The report said circular practices can bring “significant opportunities” to mitigate climate risk from industry and agriculture, forestry and other land use. Adoption of circular principles in the global food system could achieve emissions reductions of 49% below the baseline sector-wide 2050 scenario, the report said, while greater circularity and recycling of cement, steel, plastic and aluminium could cut emissions by 40%.  

“By implementing an overarching circular economy framework and system thinking, investors, businesses and communities can tackle their climate goals, while also addressing biodiversity, land use objectives and more,” said IGCC Chief Executive Rebecca Mikula-Wright. 

Institutional investors could begin by building an understanding of circular economics internally before moving on to integrating circular-economy analysis into their assessments, the report said. 

Monitoring exposure to companies delivering circular-economy solutions, and engaging with companies, policy makers and regulators are also seen as key. 

Business at heart of circular transition 

According to the Ellen MacArthur Foundation, a charity that works to accelerate the transition to a circular economy, business sits at the heart of the change. 

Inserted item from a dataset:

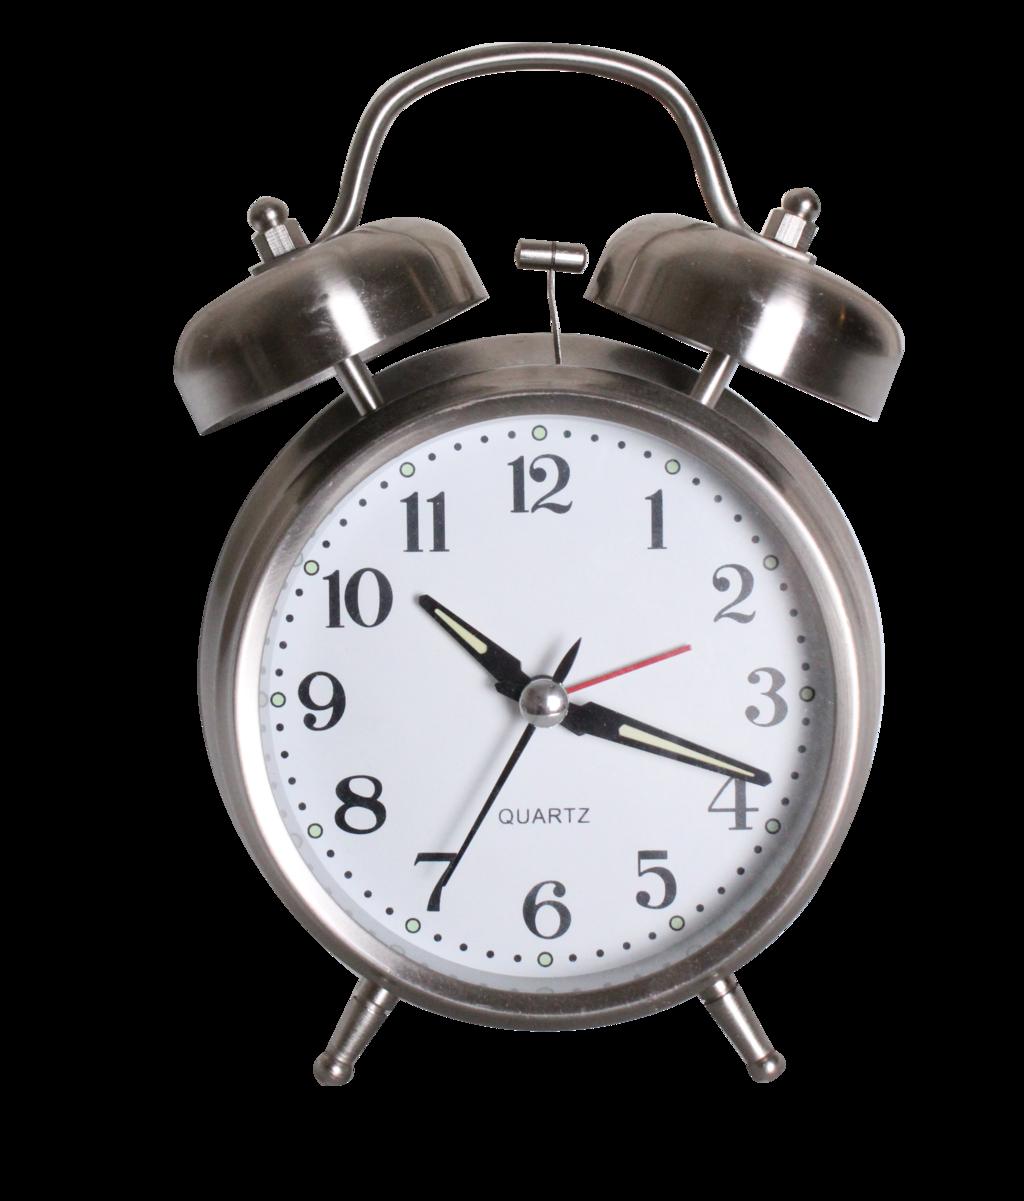 Clock PNG Transparent Images.

“The circular economy is increasingly seen by businesses, thought-leaders, and policymakers as a way of delivering long-term growth to investors while helping address climate change and other global challenges,” said the charity. 

The IGCC report notes the alignment of the circular economy model with systems theory and thinking. Rather than competing with other priorities, this means circular-economy approaches can provide investors with a way to meet a range of objectives by following a consistent principle, covering not just emissions reduction targets but also UN Sustainable Development Goals. 

Investors can support the transition to greater circularity by investing in firms adopting aligned business processes, the report added. These practices and models include circular supplies, where traditional inputs are replaced by renewable or recovered materials, resource recovery, which uses technology innovation to re-use resource outputs, and product-to-service approaches, in which suppliers offer products on a pay-per-use rather than ownership basis.  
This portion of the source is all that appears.